И Арина громко сказала:
— Ненавижу! Чистая правда!
— Ариша! — ахнула Любовь Петровна. — Ты что?
— Да, ненавижу! — твердо повторила Арина. — Я сто раз тебе говорила, а ты не верила! Вот теперь будешь знать! А то убьют, а ты так и не узнаешь. Вот, знай теперь!
— Люди же! — просила Любовь Яковлевна.
— Слышала! — ответила Арина. — Только и слышала: люди, люди, люди, что подумают, что скажут! Тебе кто дороже вообще, люди или я? И кому вообще надо все, что ты со мной делаешь, мне или тебе?
— Да тише ты, господи! Что я делаю-то, опомнись!
— Дышать не даешь!
00.25
Зарень — Авдотьинка
Маховец оставил мать и дочь доругиваться, а сам, сопровождаемый Притуловым, шагнул к Наталье и Куркову.
Курков был готов сознаться в чем-нибудь вымышленном, потому что преступлений за ним не водилось. Не считать же таковым пустячный случай мелкого воровства, о котором Леонид если и вспоминает, то с улыбкой — и даже, возможно, слегка гордится им, потому что не деньги украл, не кусок колбасы, а краски, два тюбика краски украл у художника-ветерана, модерниста в русле традиции, Альберта Жувачева, жившего в окраинной избушке, которую гордо именовал мастерской. Жувачев был настолько же бездарен, настолько и гостеприимен, то есть — безгранично и с азартом. Где-то в городе была у него нормальная квартира и нормальная семья, которую он навещал раз в неделю, чтобы помыться, а остальное время сидел в своей избушке, заросший бородой, и вечно у него собиралась художественная и артистическая молодежь. Там Курков встретил Наталью и возникла у них во время выпивки взаимная симпатия, скоро перешедшая в отношения.

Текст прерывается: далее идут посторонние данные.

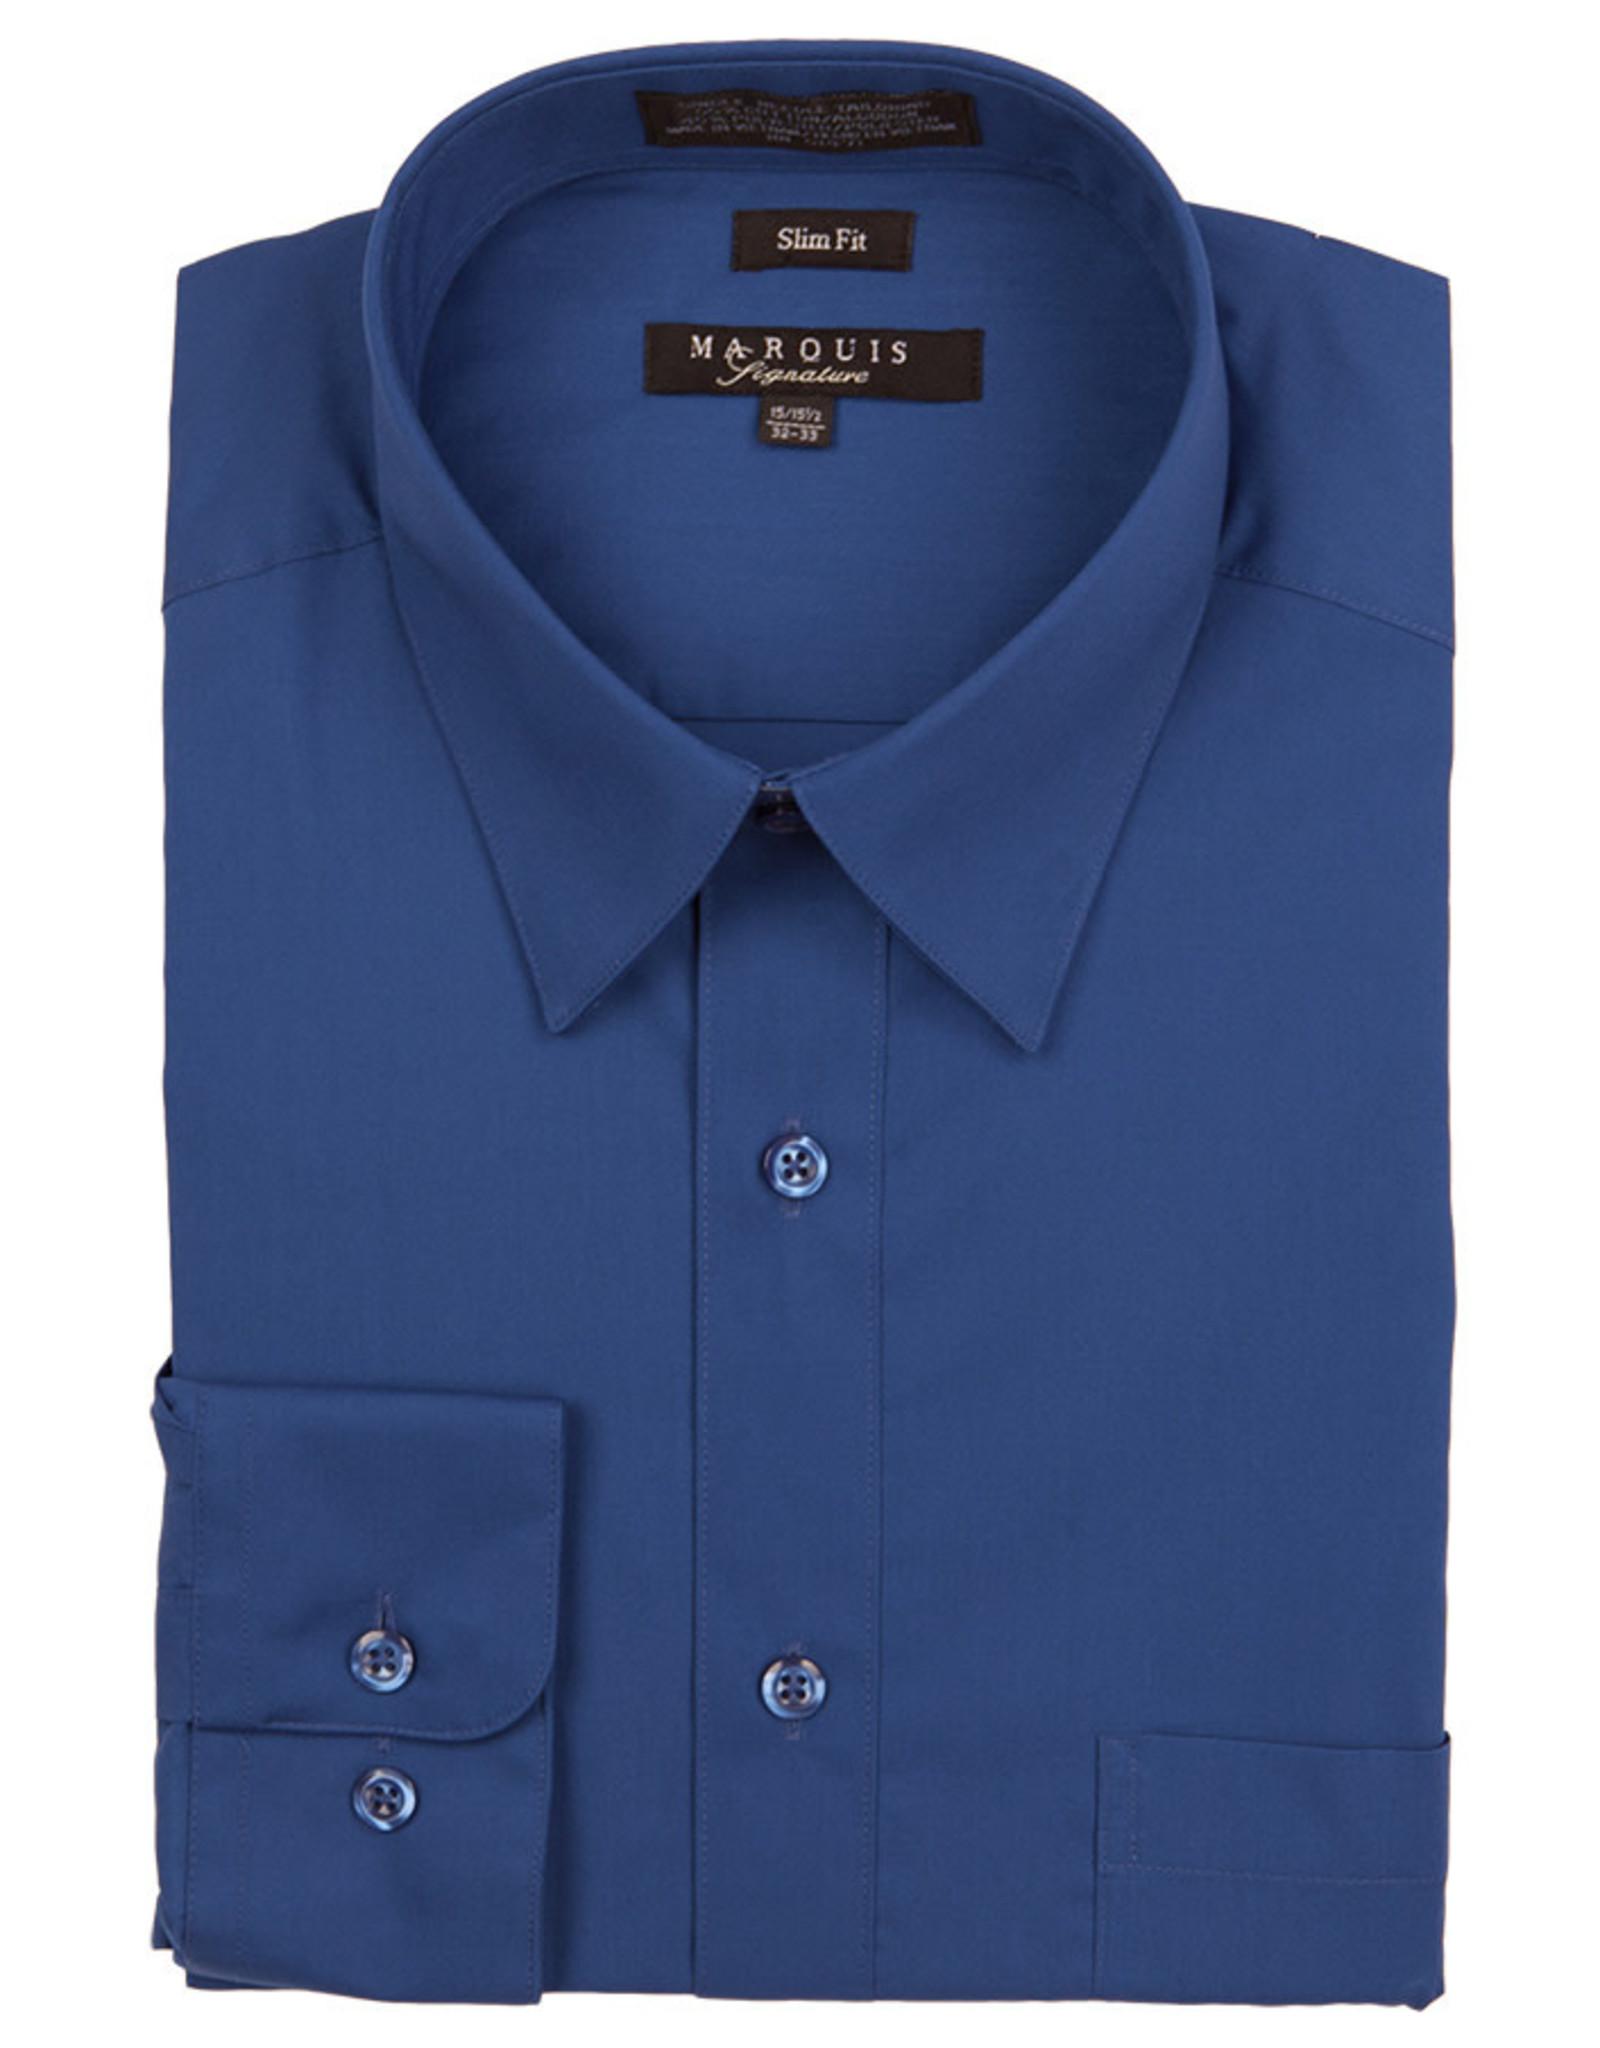 Marquis Dress Shirt MarQuis Slim Fit Royal Blue

Жувачев в тот вечер угощал — как, впрочем, и всегда: брат у него жил в Германии, занимался какой-то коммерцией, а заодно рассовывал по салонам творения Жувачева, спрос на них был, а вывозил их брат за границу хитроумно, предъявляя таможне в виде самодеятельного творчества своего сына, не имеющего художественной ценности (творчество имеется в виду, не сын). Мальчик стоял тут же и кивал, таможня давала добро. Таким образом, деньги у Жувачева водились.